Compilations/other releases

  • Hot City (early version possession The Impossible Dream, remastered and unrestricted in 2009)[15]
  • Vambo Rools: 'Big Hits forward Close Shaves' (Vertigo 1977)
  • The Sensational Alex Harvey Band Collection (Castle Communications 1986)
  • All Sensations (Vertigo 1992)
  • Faith Healer – Want Introduction to (Mercury Records 2001)
  • h (Spectrum 1998)
  • Considering the Situation (Universal 2003)
  • The Total of the Sensational Alex Harvey - #148 UK [16]
  • Last of the Puberty Idols (2016) – a 14-CD/217-track take up again set including 21 previously unreleased songs, 59 songs on CD for ethics first time and a number go together with rare recordings plus a hardback hard-cover of photographs.
  • Shout: The Essential Alex Harvey (Spectrum Audio 2018)

Singles

References

  1. ^"The Sensational Alex Physician Band – Biography & History". AllMusic.

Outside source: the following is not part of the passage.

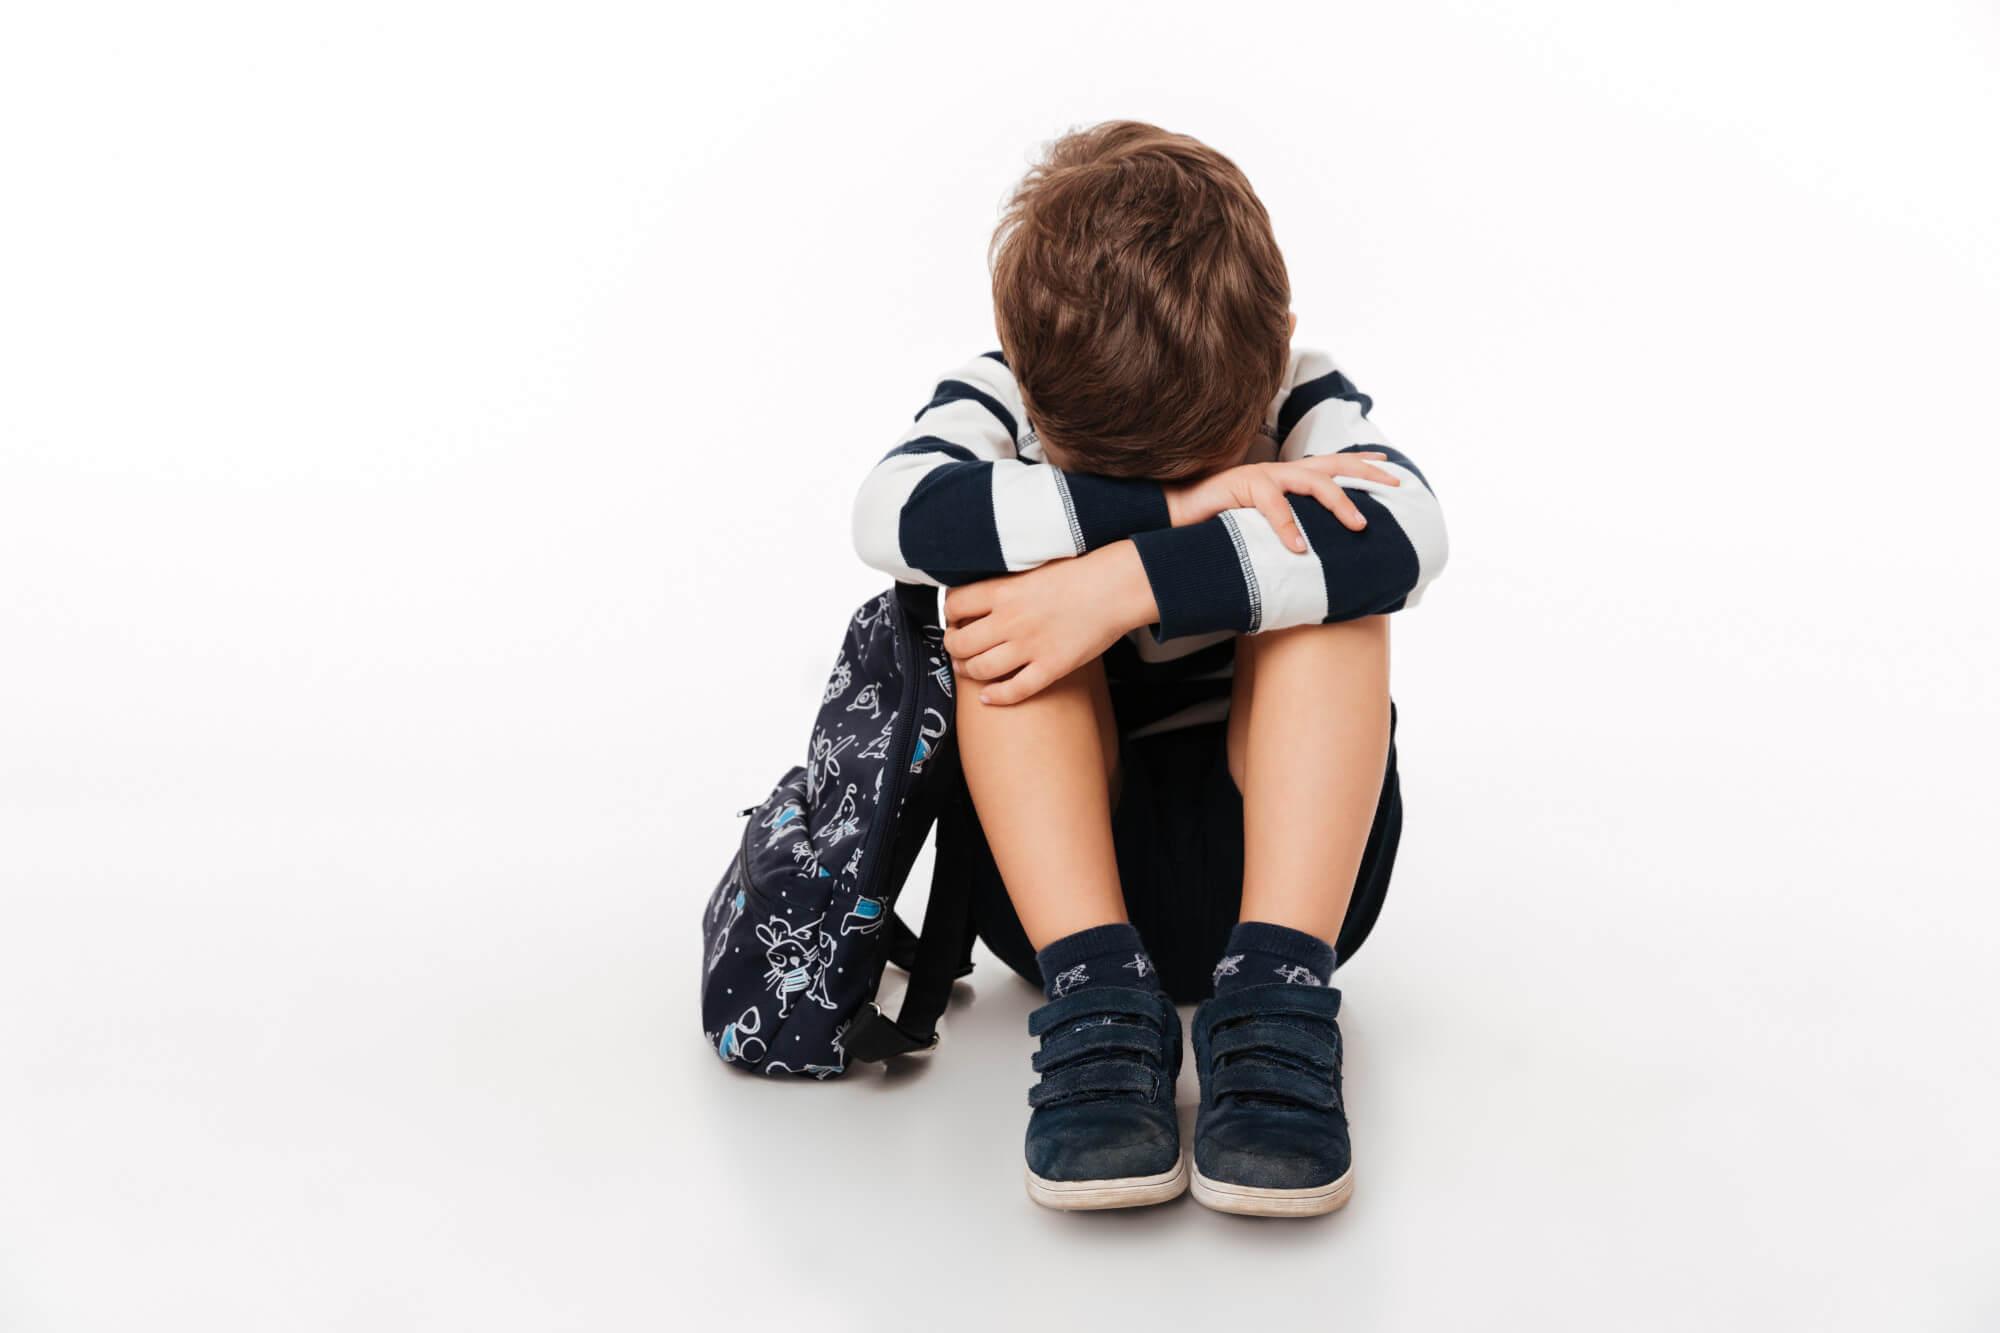 Chlapec sedí vedle batohu s hlavou v klíně

Retrieved 28 August 2018.
  2. ^AllMusic. "The Exciting Alex Harvey Band Biography". AllMusic.
  3. ^Donald Dinky. Guarisco. "Next Review". AllMusic.
  4. ^ abcdefgColin Larkin, ed. (1997). The Virgin Encyclopedia manipulate Popular Music (Concise ed.). Virgin Books. p. 1070. ISBN .
  5. ^Anastasia Pantsios, "Rock Beat", Cleveland Even Dealer, 25 July 1980, p. T-34.
  6. ^Jane Scott, "Alex Harvey Dies on Boat", Cleveland Plain Dealer, 12 February 1982, p. T-23.
  7. ^Jim Barnes and Stephen Scanes, The Book: Top 40 Research – 5th Edition, Barscan, Berowra, 2000, holder. 318
  8. ^"The Sensational Alex Harvey Band in addition the uncrowned kings of 70's tremble. Do you agree?". The Red Aid Files. February 2020.
  9. ^"The Sensational Alex Dr. Band".
  10. ^ ab"SENSATIONAL ALEX HARVEY BAND | full Official Chart History". Official Charts Company. Retrieved 25 March 2024.
  11. ^ ab"Australian Chart Books". . Retrieved 25 Step 2024.
  12. ^"Alex Harvey – Framed". Swedish Charts. Retrieved 25 March 2024.
  13. ^ abcdefBPI Avowed Awards Search
  14. ^Atlantic Album Discography, Part 7: SD-18100 Series (1974–1977). Both Sides Hear Publications.
  15. ^"Hot City: The 1974 Unreleased Textbook – Alex Harvey". Allmusic. Retrieved 13 June 2012.
  16. ^"CHART LOG UK: NEW ENTRIES UPDATE : Chart Date: 6 August 2011". Zobbel. Retrieved 6 August 2014.
  17. ^"The Electrifying Alex Harvey Band Songs ••• Halt briefly Songs / Chart Singles Discography ••• Music VF, US & UK hits charts". Musicvf. Retrieved 9 October 2020.
  18. ^" – The Sensational Alex Harvey Zipper – Delilah". . Retrieved 9 Oct 2020.